Analysts spent the first 2 minutes of every case hunting for context scattered across four tabs: transaction history, device fingerprint, account age, and prior flags. The tool showed alerts in FIFO order regardless of risk score, so high-risk fraud was often reviewed after low-risk noise. 78% of analysts said they had a mental "pattern" they checked every time — but the tool didn't support it. We also discovered that 60% of false positives came from a single category: first-purchase, high-value orders from new accounts in the EU — a segment that had tripled as we expanded.
We redesigned the review queue around the analyst's mental model rather than the database's record structure. The new queue surfaces cases ranked by a composite risk score (ML model + rule-based signals), consolidates the four context tabs into a single card with progressive disclosure, and adds one-click bulk actions for common patterns. We shipped in three phases: risk-ranked queue first (lowest eng effort, highest impact), then the consolidated case card, then bulk actions.
The biggest debate was whether to build a fully automated decision engine or improve the human review flow. I pushed for the human-in-the-loop approach for two reasons: (1) our ML model had only 78% precision at the time — not good enough to automate high-stakes declines, and (2) analysts' domain knowledge was genuinely catching edge cases the model missed. We agreed to improve tooling now and revisit automation in 6 months once precision improved. The second decision was the ranking algorithm: engineering wanted a pure ML score, but compliance required at least one hard rule (flag any transaction > $5k for human review). We built a hybrid: ML score with compliance overrides surfaced visually so analysts understood why a case was elevated.
The biggest challenge was the 6-week data migration from the legacy tool. Our fraud data was spread across three systems with inconsistent IDs. We hit a 3-week delay when we discovered that ~8% of historical cases had duplicate entries, which would have corrupted the ML training data. We fixed it by adding a deduplication step to the pipeline — but it pushed the launch by a sprint.
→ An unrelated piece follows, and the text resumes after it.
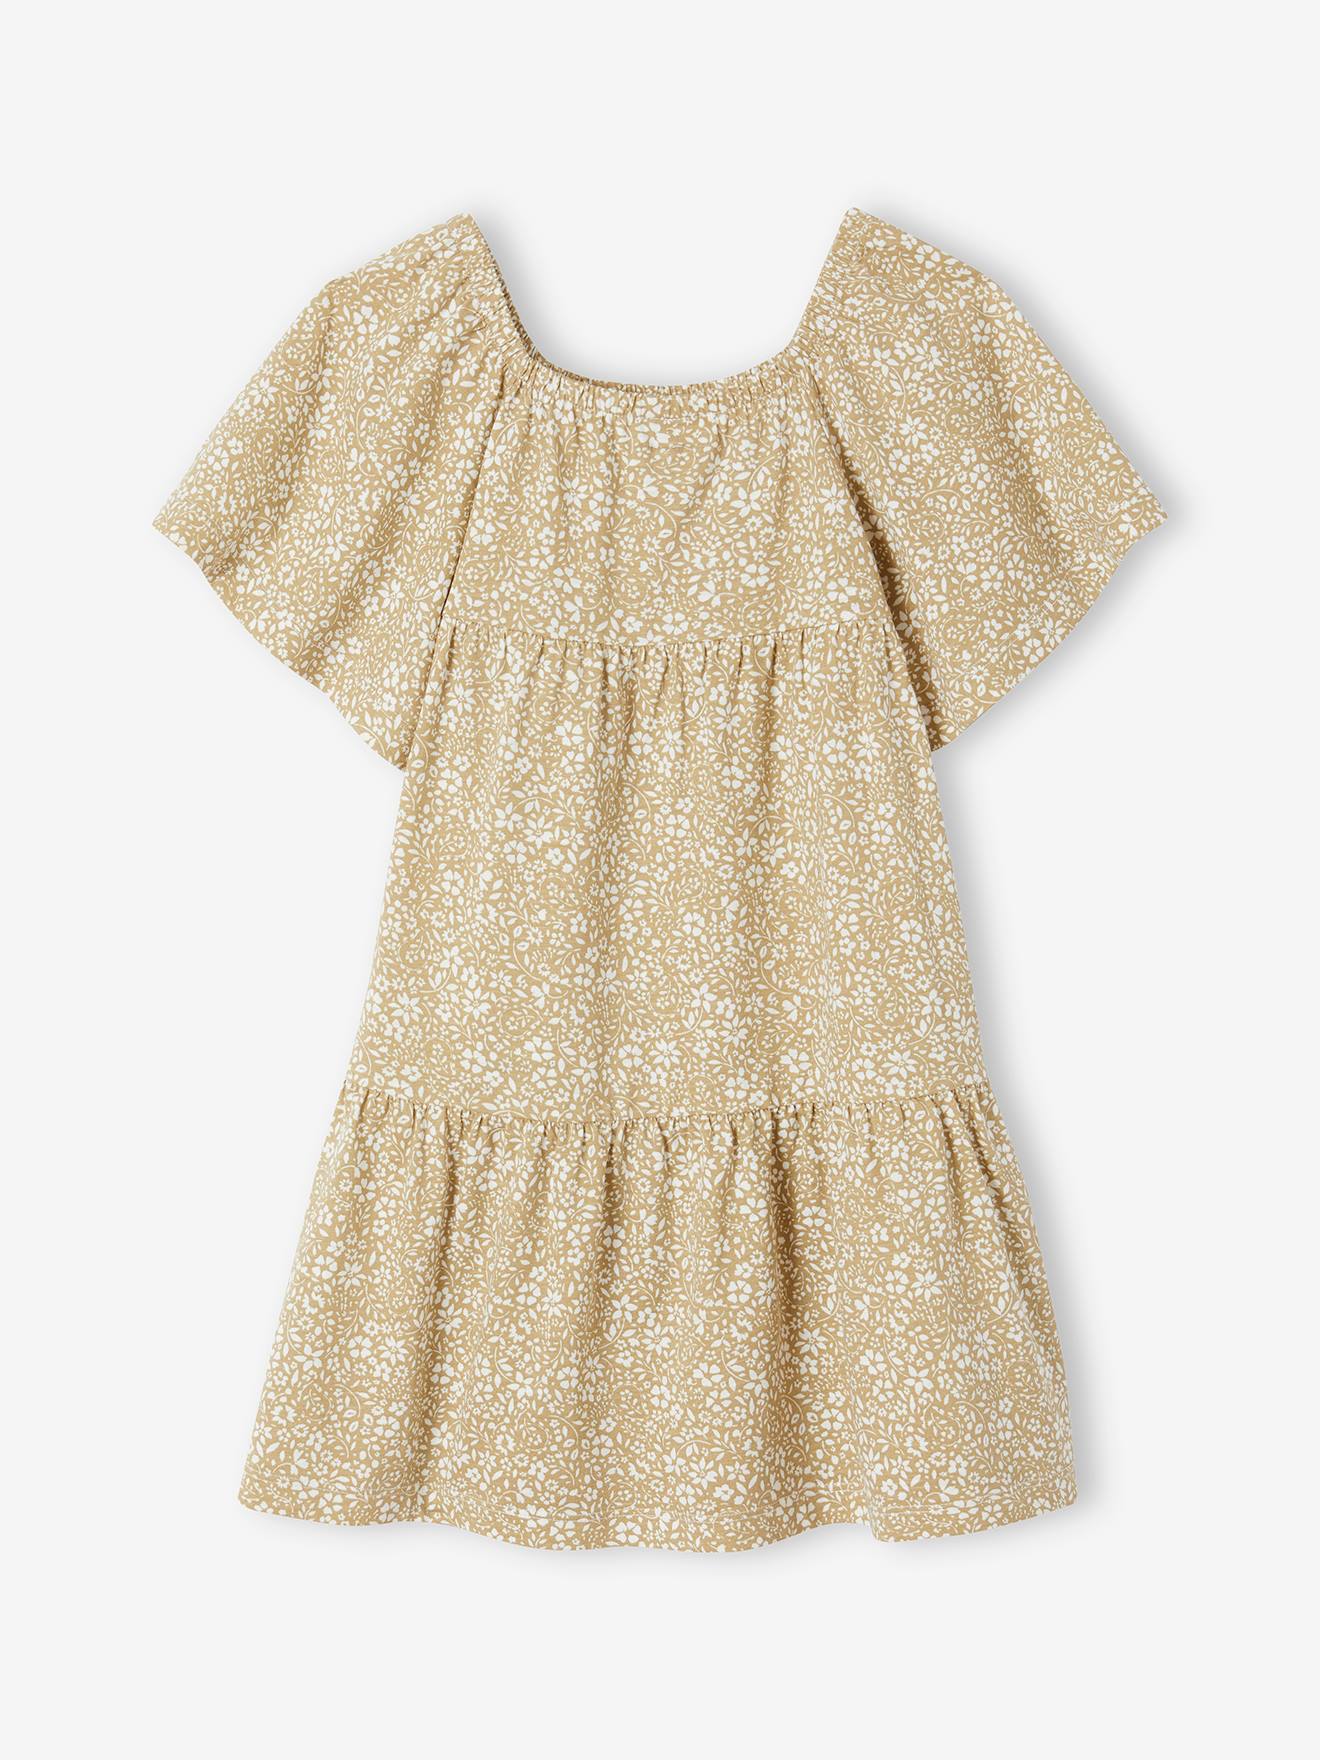 Dress with Ruffles, Floral Print, for Girls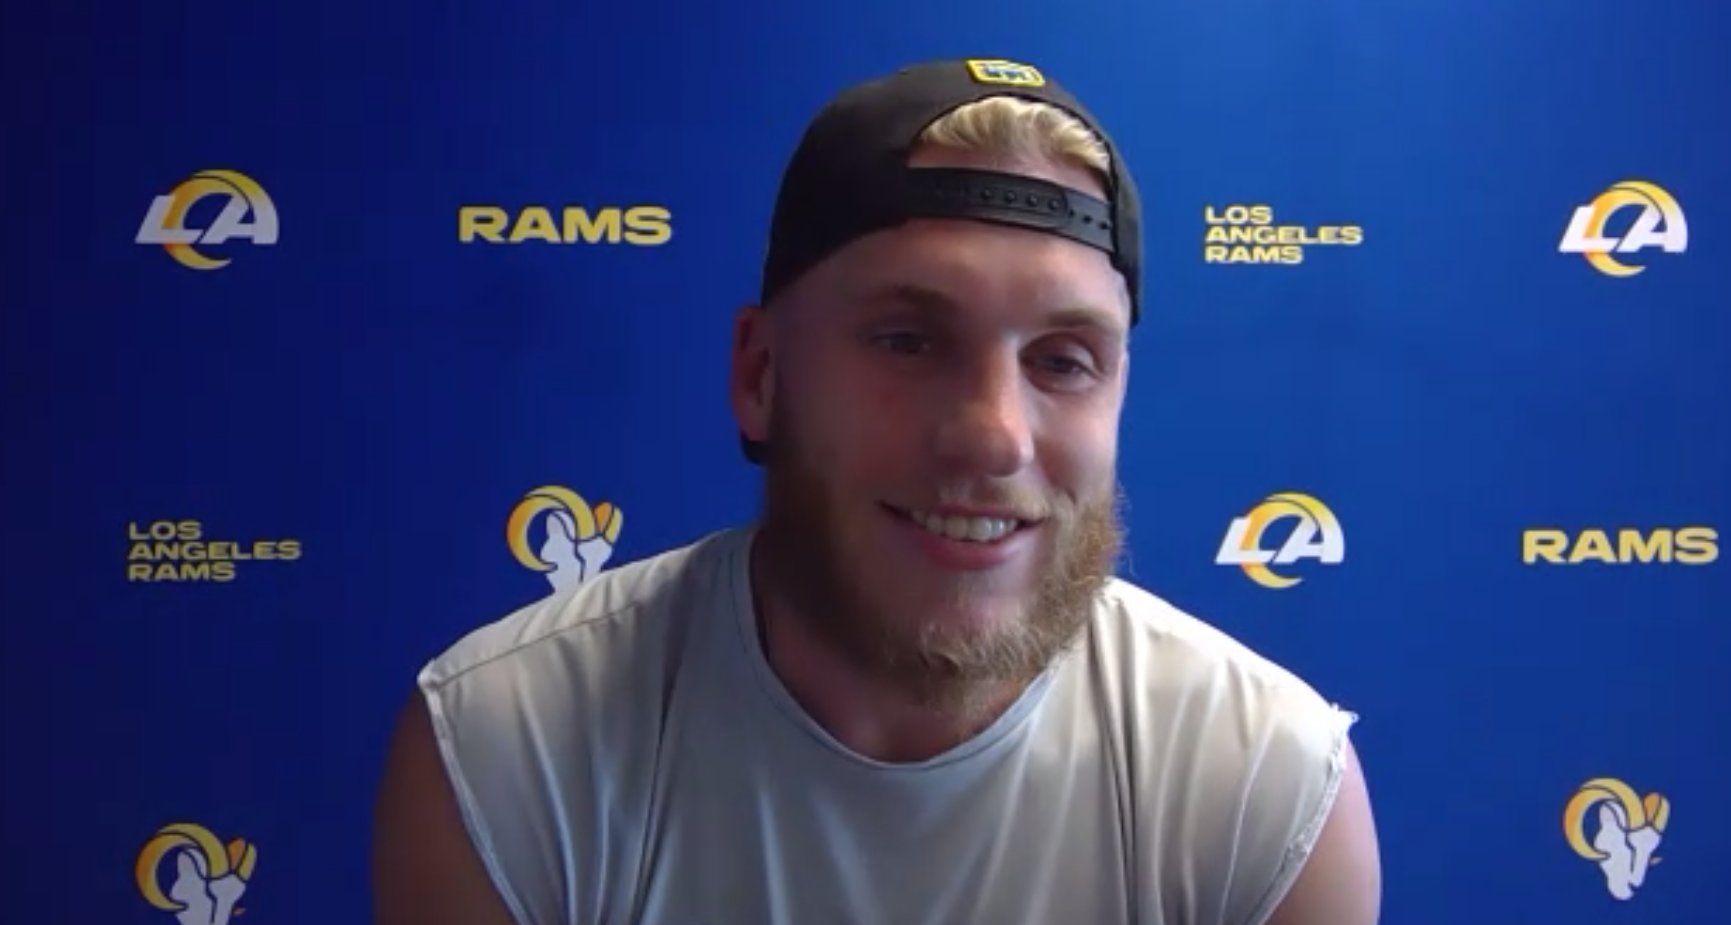 Greg Beacham on X: Rams WR Cooper Kupp is out at OTAs rocking a

I underestimated how much analysts relied on muscle memory with the old tool. Even though the new interface was objectively better, we saw a 2-week productivity dip after launch as people adjusted. I'd budget a longer hands-on training period next time and consider a gradual rollout (opt-in for the first cohort) rather than a hard cutover. I'd also involve the Compliance team 2 sprints earlier — their sign-off on the ranking algorithm added a week at the end.